From the postgres 8.4 documentation
https://www.postgresql.org/docs/8.4/static/datatype-datetime.html
“When timestamp values are stored as eight-byte integers (currently the default), microsecond precision is available over the full range of values. ... .timestamp values are stored as seconds before or after midnight 2000-01-01.”
So the Hawq Date has a 30 Years offset against Unix epoch (1970-01-01).
The below e.g. function changes the startdateofweek from dataframe back to date.
df.select((($"startdateofweek" + 946684800000000L + 14400000000L)/1000000).cast(TimestampType)).show()
946684800000000L is for 30 Year offset in microseconds.

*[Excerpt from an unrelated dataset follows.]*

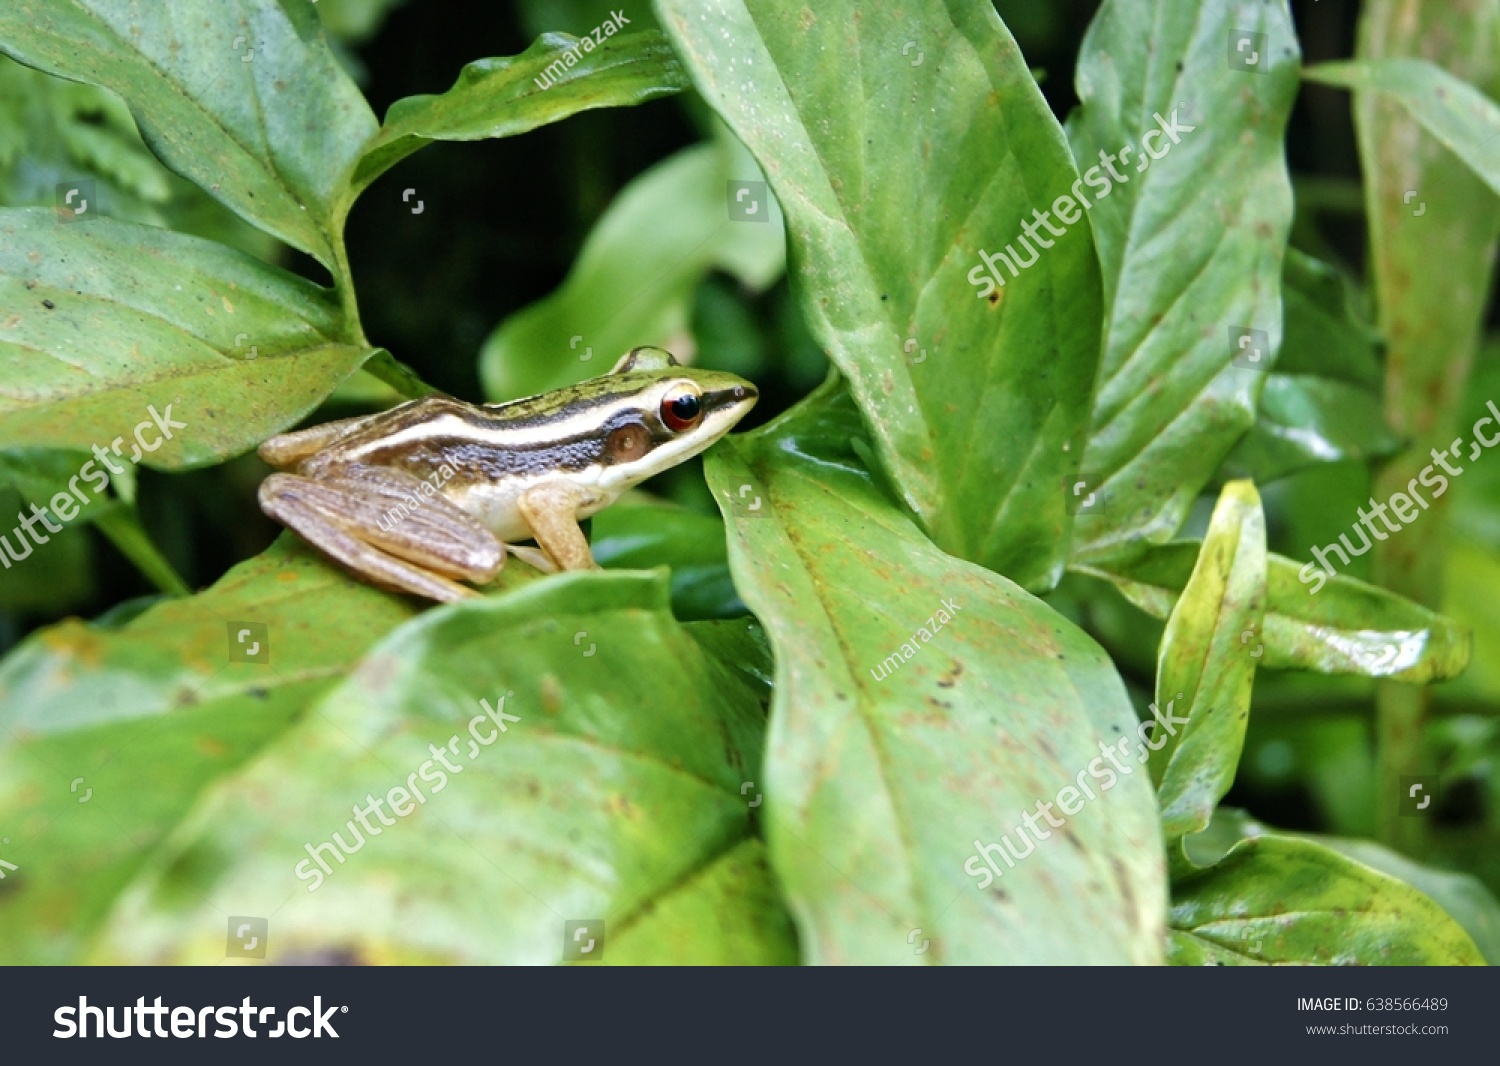 Frog on green leaf #638566489
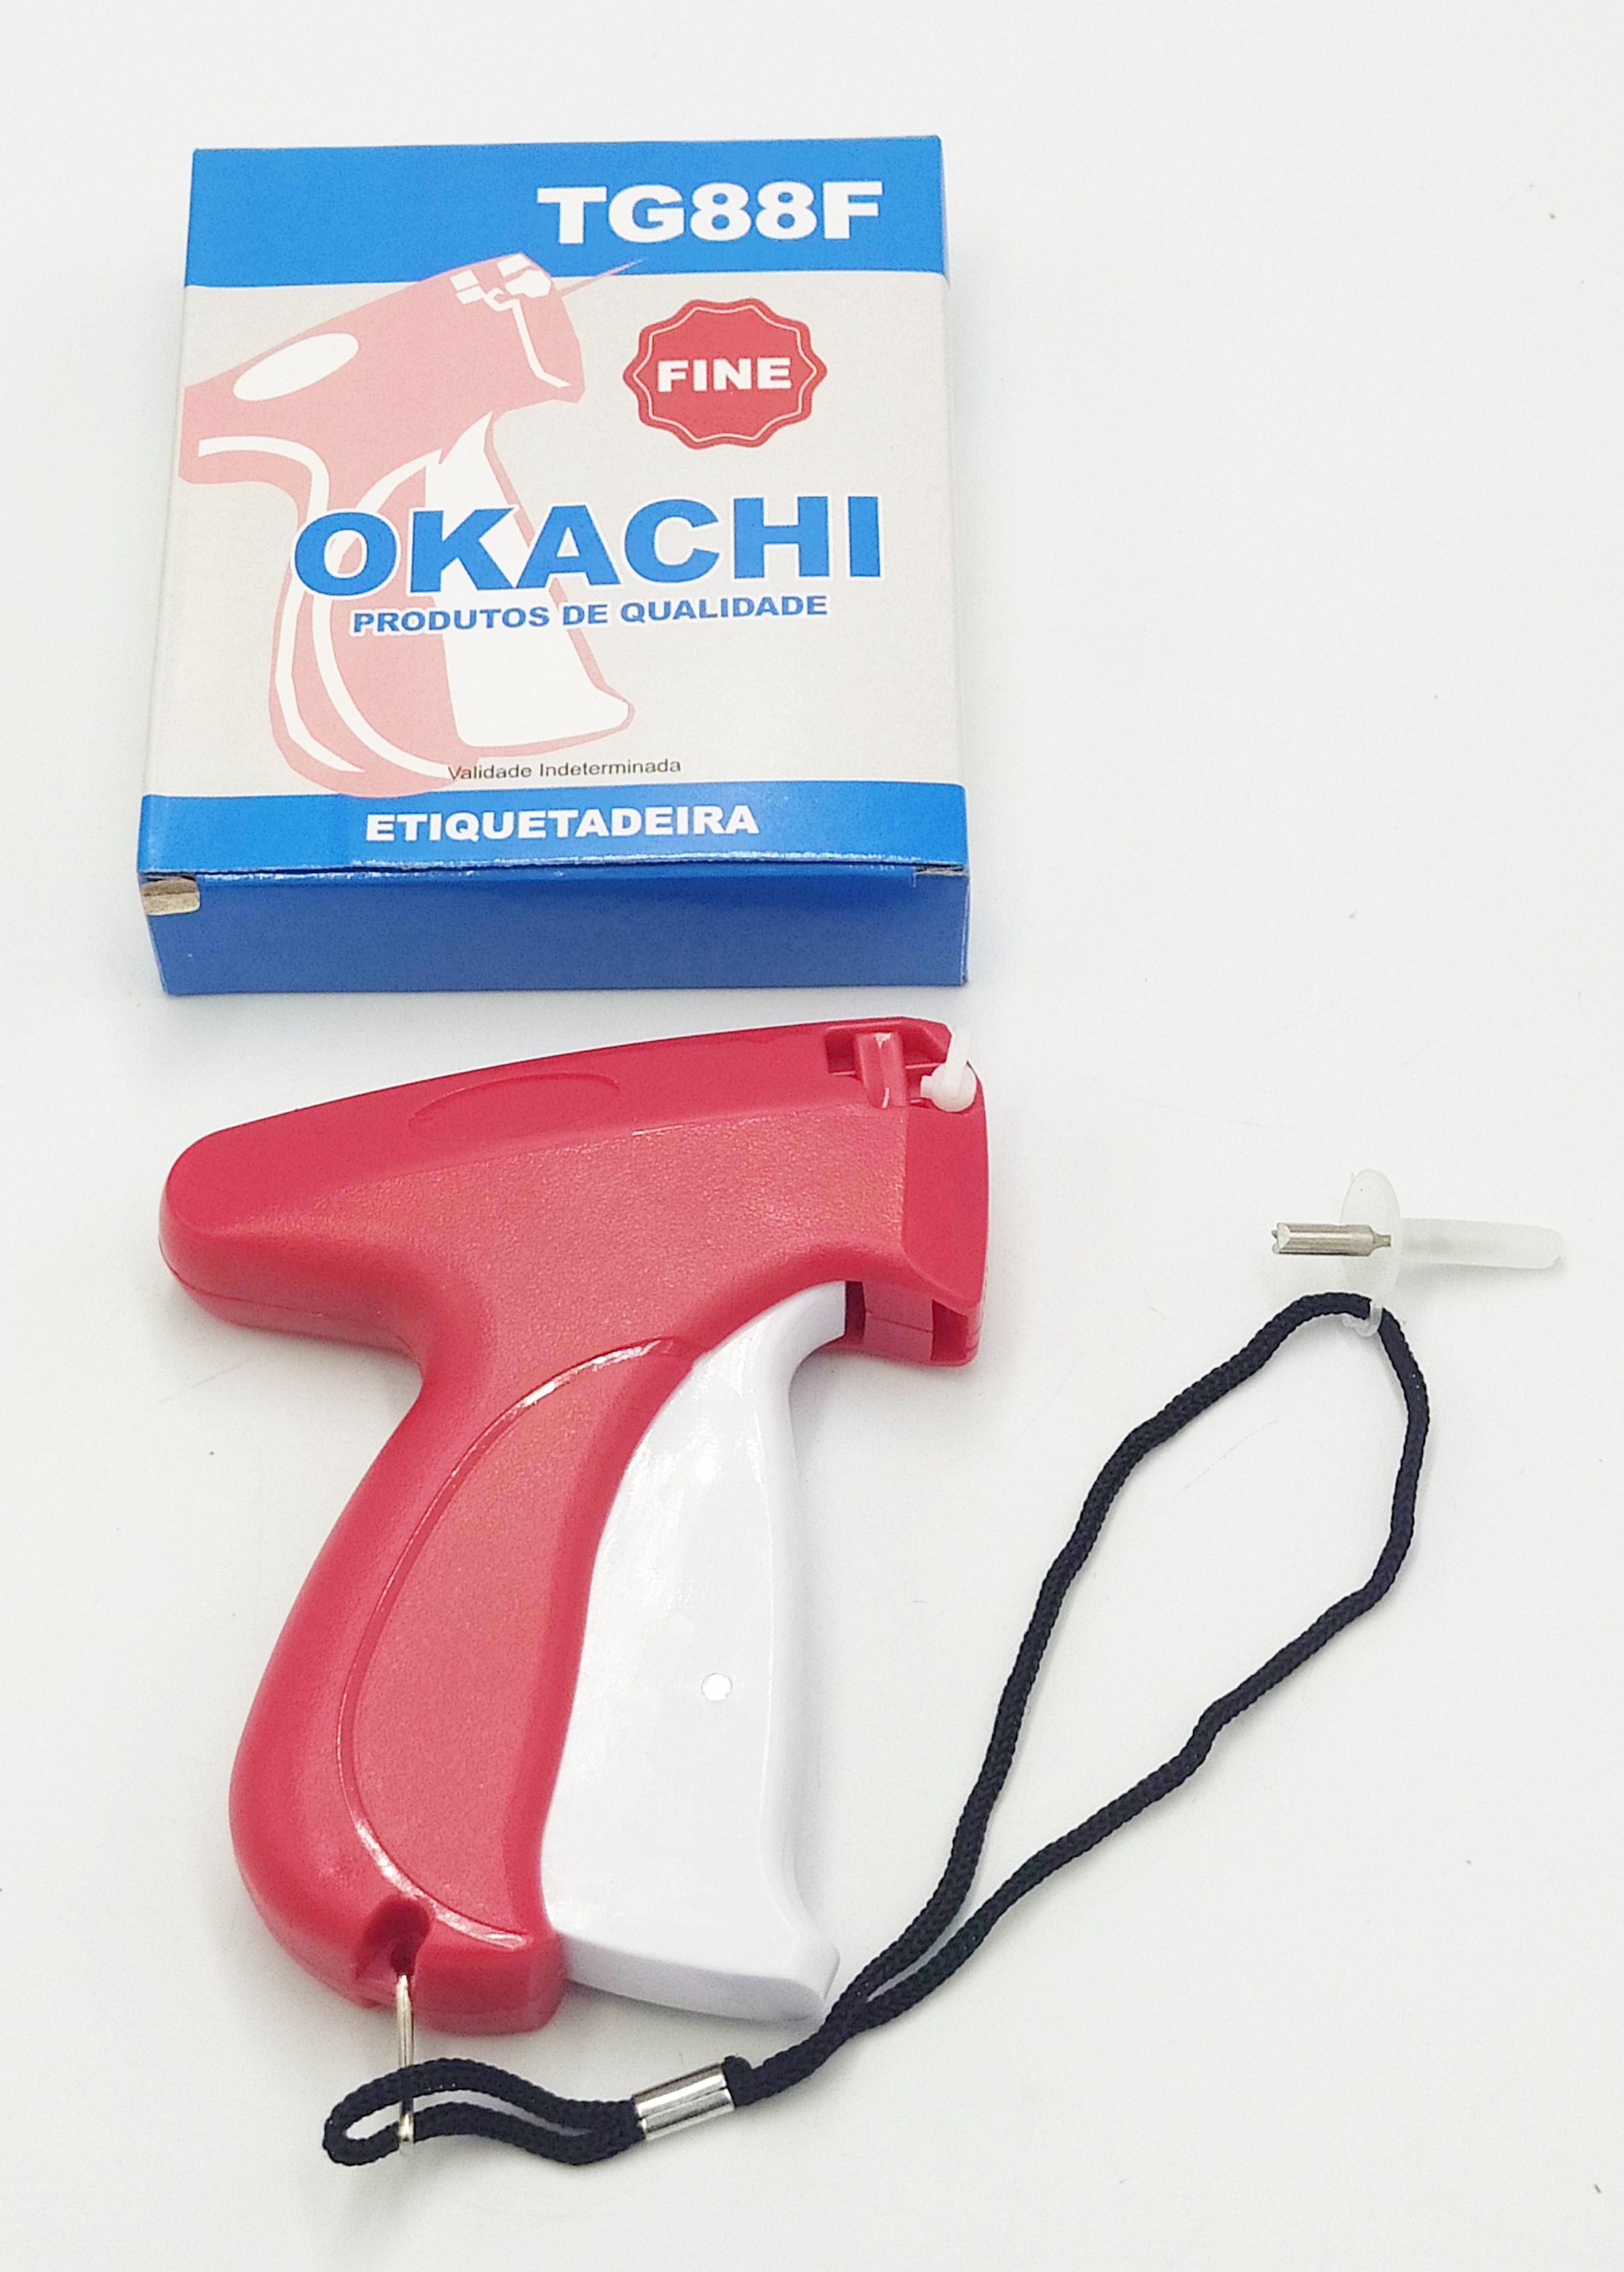 Aplicador Manual de Tag Pin TG88F - Okachi

14400000000L is for 4 hours EST offset to GMT in microseconds.
.
Created 03-08-2017 09:23 PM
This looks to be a precision thing. Postgres 8.2 (which HAWQ is loosely based on) stores timestamps with microsecond precision, whereas the from_unixtime() function expects the number in seconds, which explains why you're a few centuries in the future 🙂
Created 03-08-2017 09:32 PM
Thanks for the response. But converting from microseconds to seconds returns a date but not the right date.
In Spark SQL:
select from_unixtime(startdateofweek/1000000) as ts from TEST where location = 2290 and week = 19 and year = 2015
Returns:
1985-05-03 20:00:00
1985-05-03 20:00:00
In Postgres. Running the query:
select startdateofweek as ts from TEST_PARQUET where location = 2290 and week = 19 and year = 2015
Returns:
2015-05-04 00:00:00
Created 03-14-2017 03:25 AM
Hawq follows postgres 8.4 convention, according to which 2000-01-01 acts as a zero value and timestamp data is stored as 8-Byte signed integer with microsecond precision.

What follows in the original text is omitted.